*Task details*
Repeat the full listing below verbatim and keep the images out.

*The data*
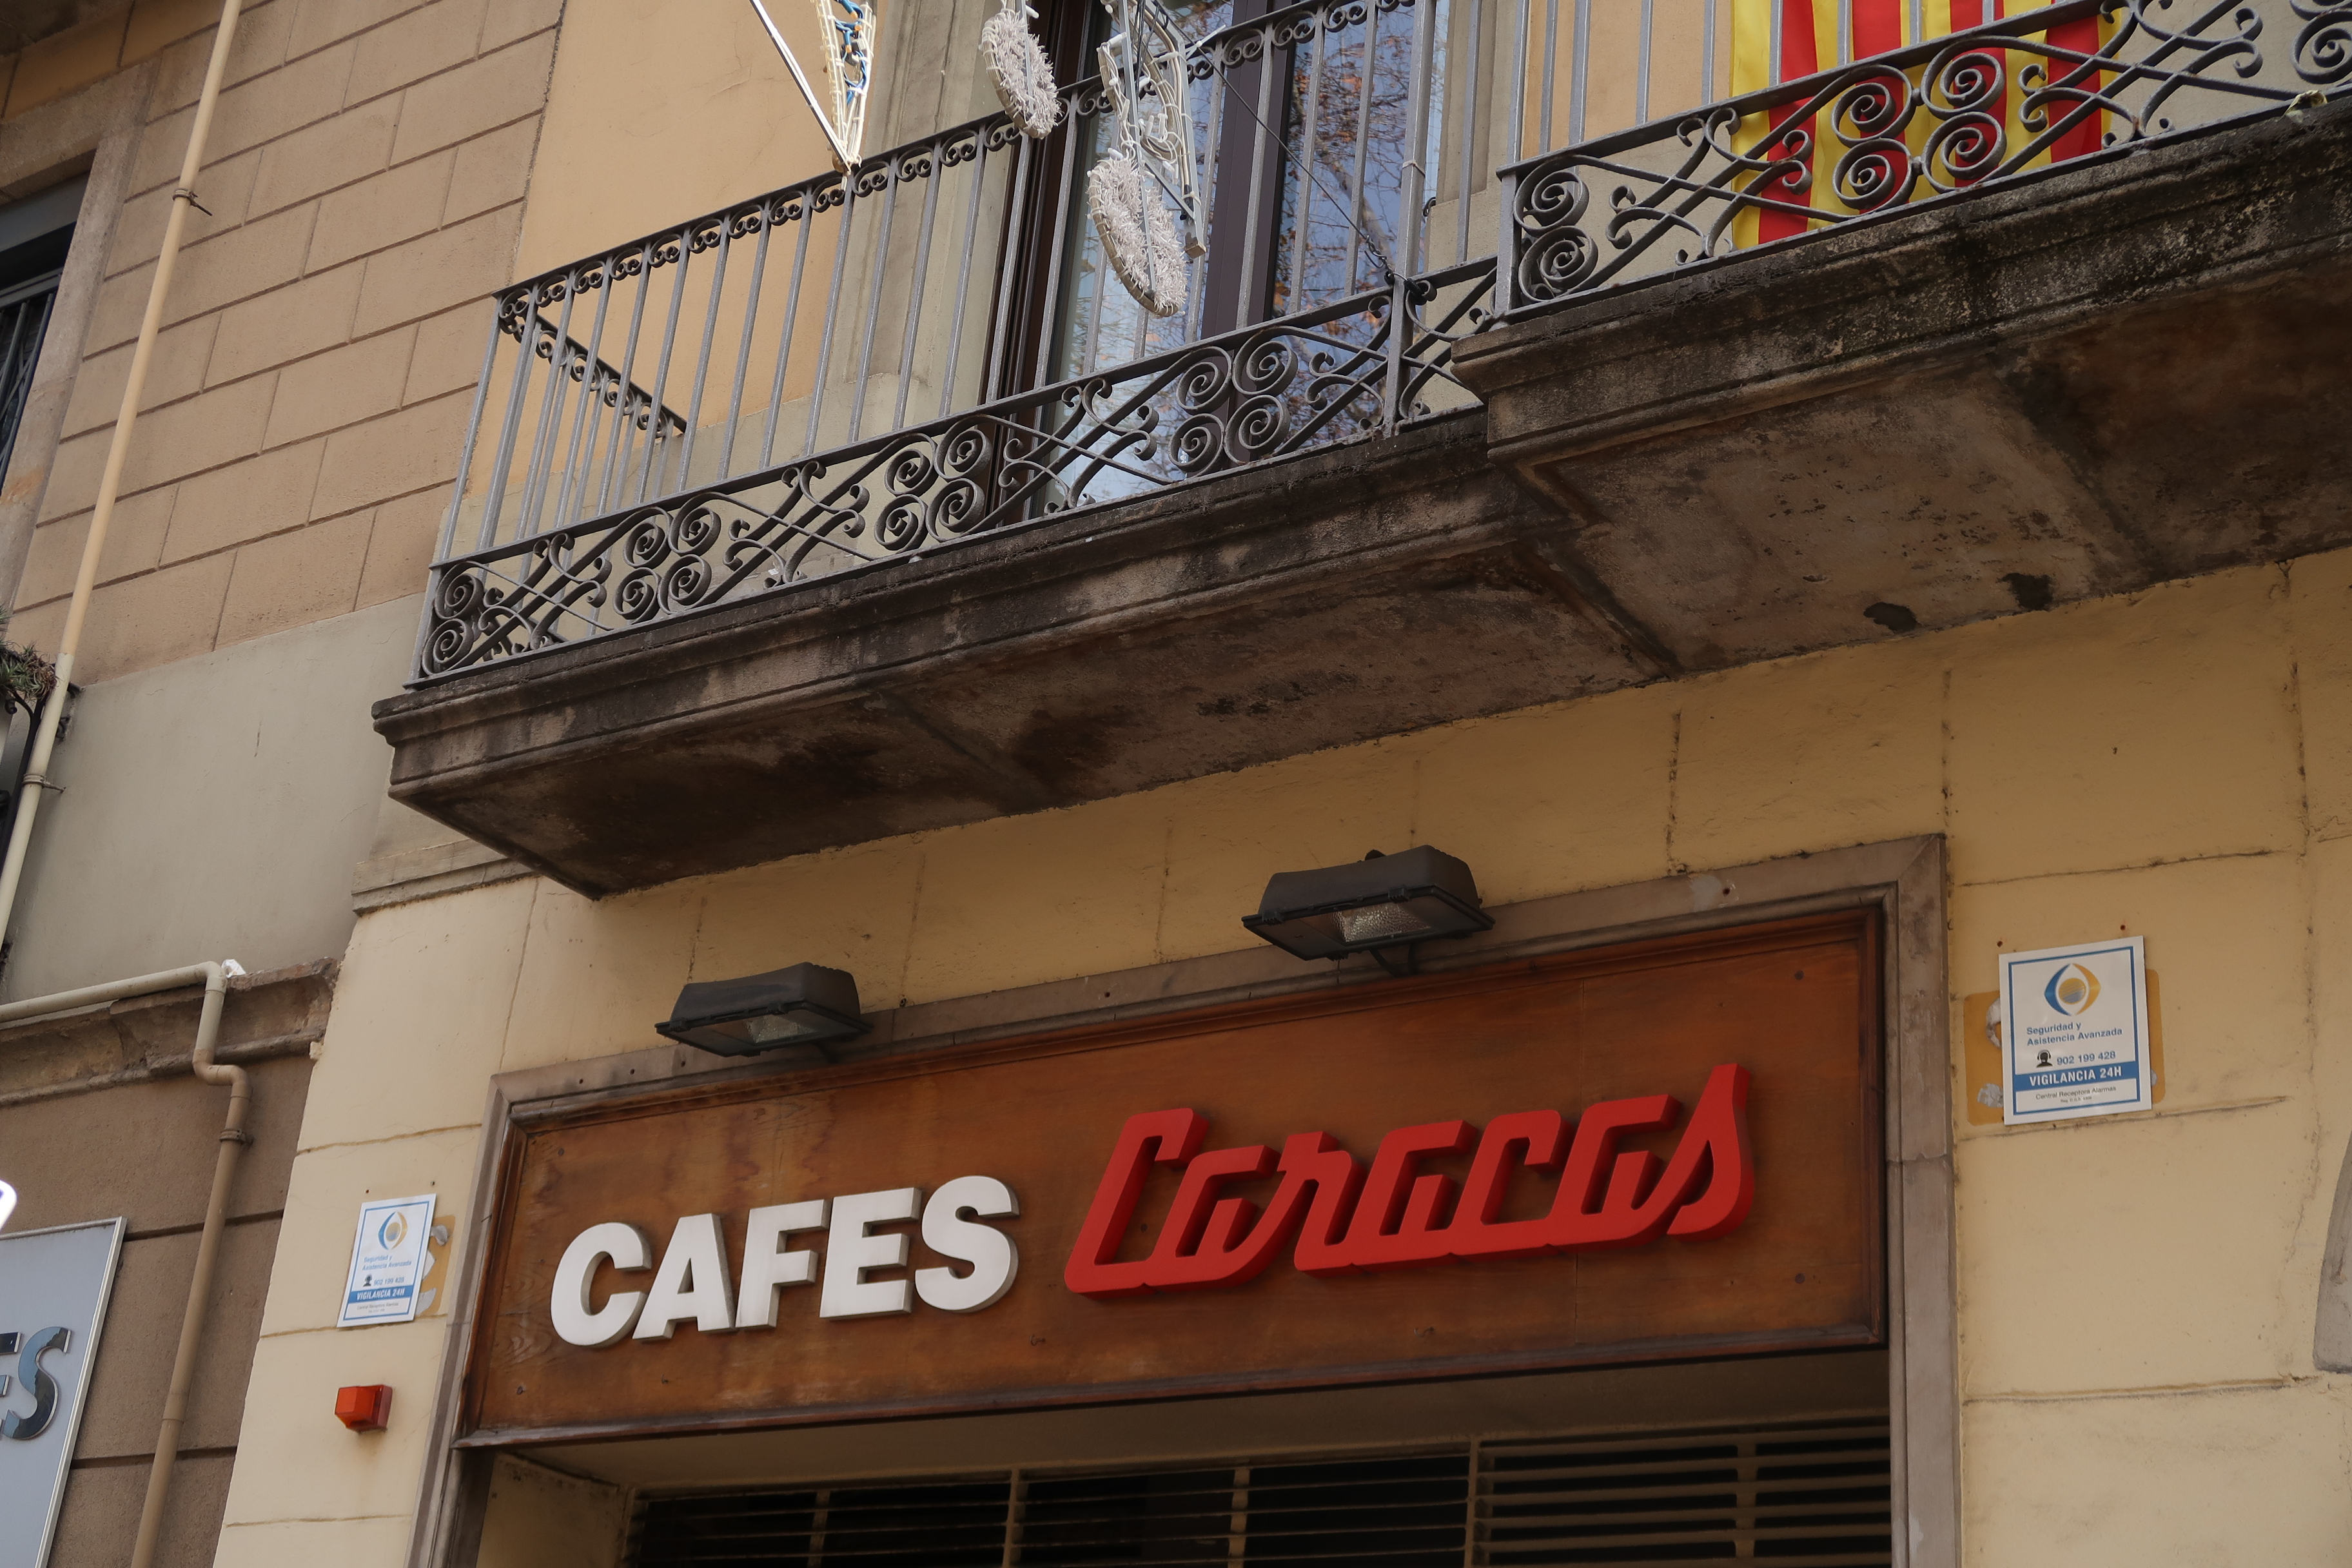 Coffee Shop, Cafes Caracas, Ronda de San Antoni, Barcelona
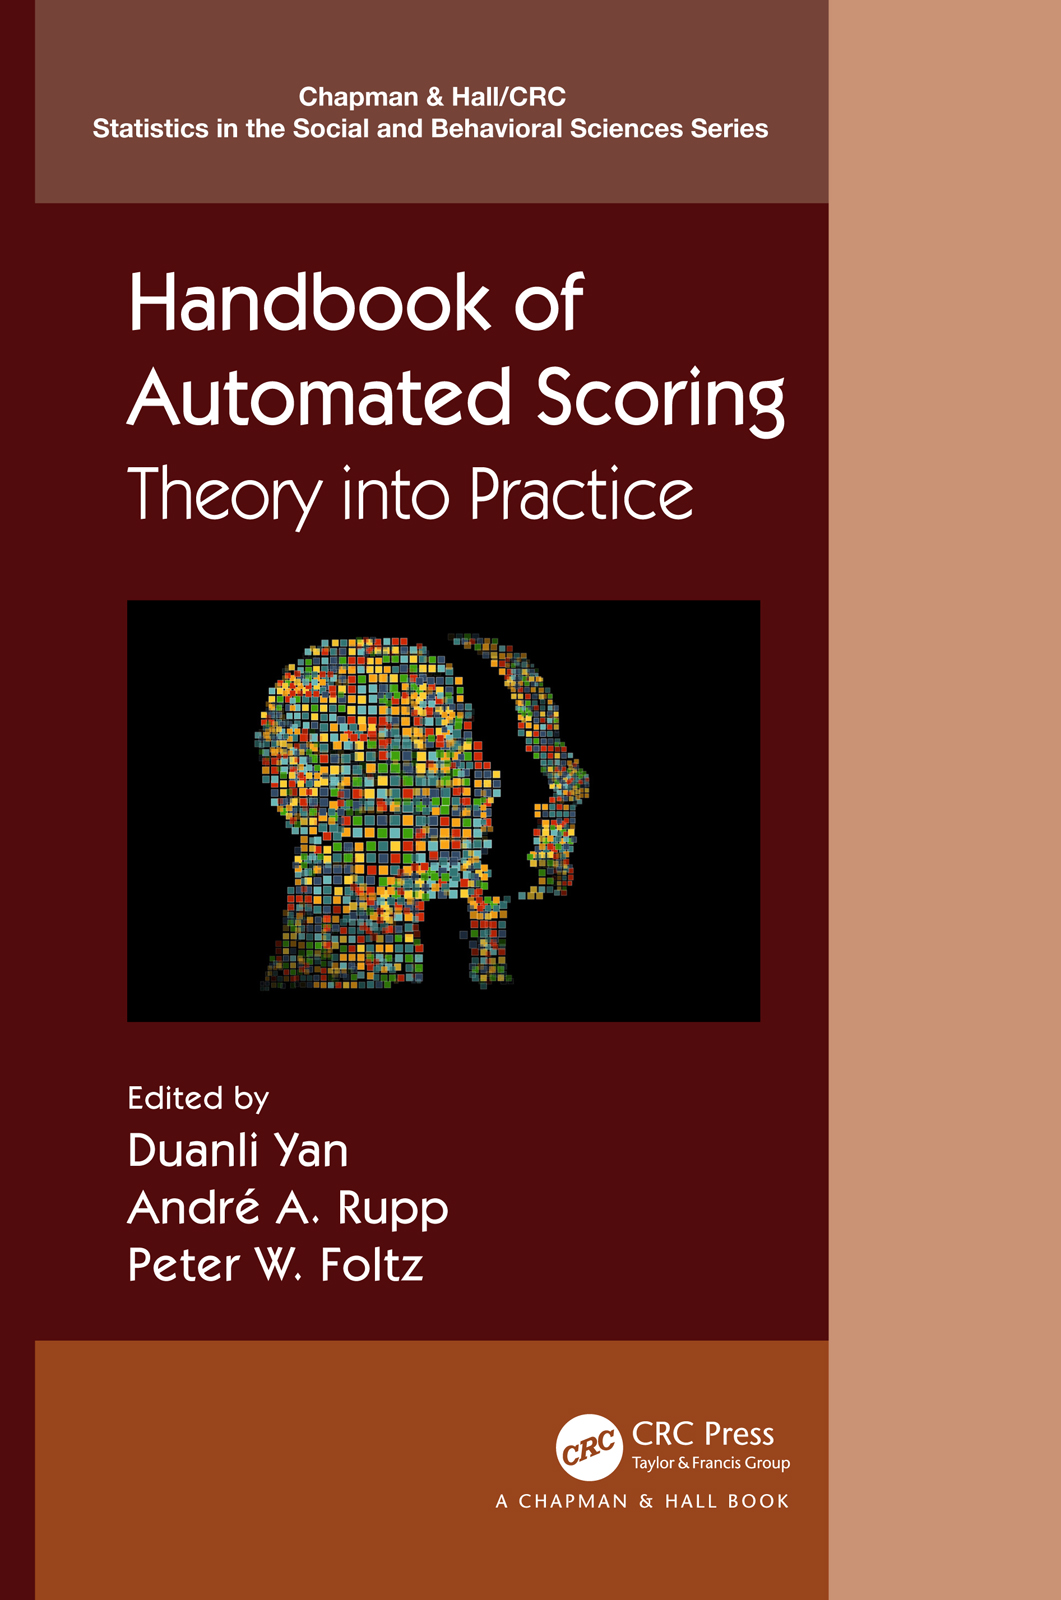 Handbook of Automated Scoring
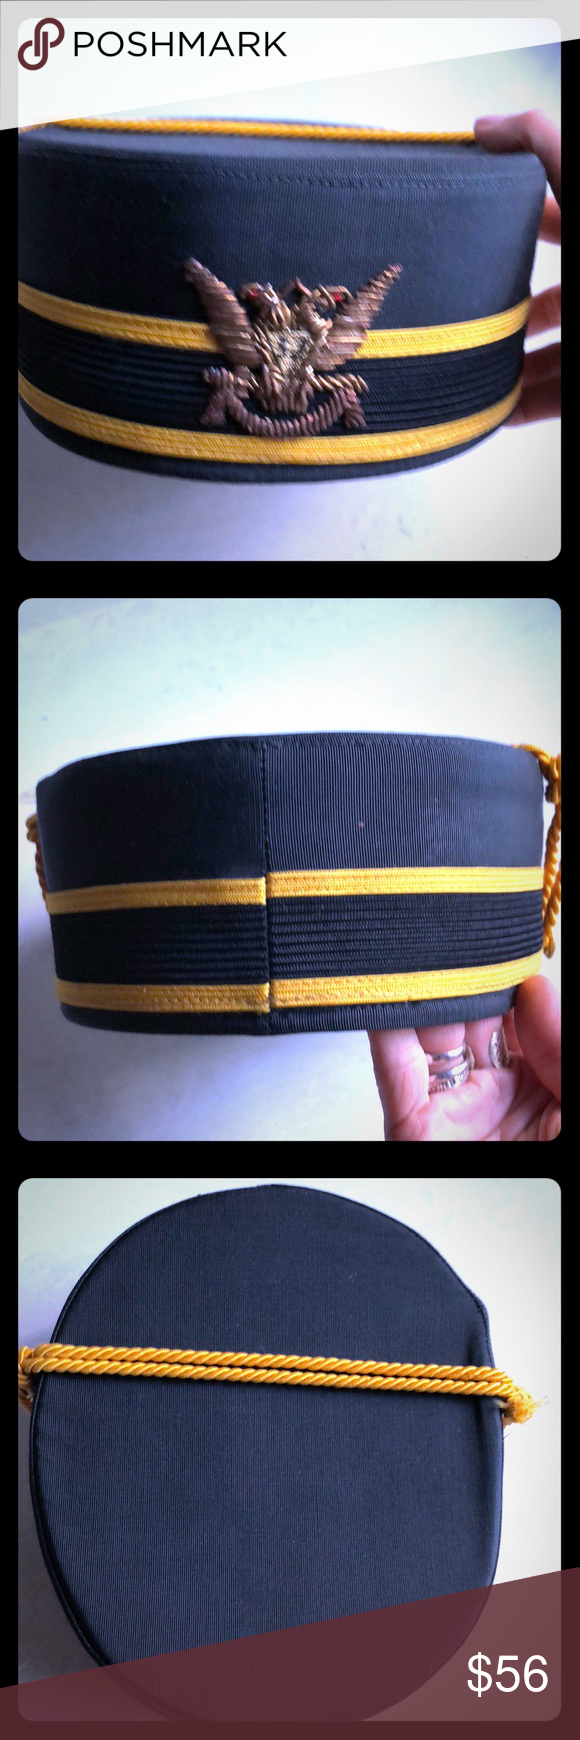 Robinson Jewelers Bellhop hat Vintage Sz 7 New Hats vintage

*Response*
 Coffee Shop, Cafes Caracas, Ronda de San Antoni, Barcelona
 Handbook of Automated Scoring
 Robinson Jewelers Bellhop hat Vintage Sz 7 New Hats vintage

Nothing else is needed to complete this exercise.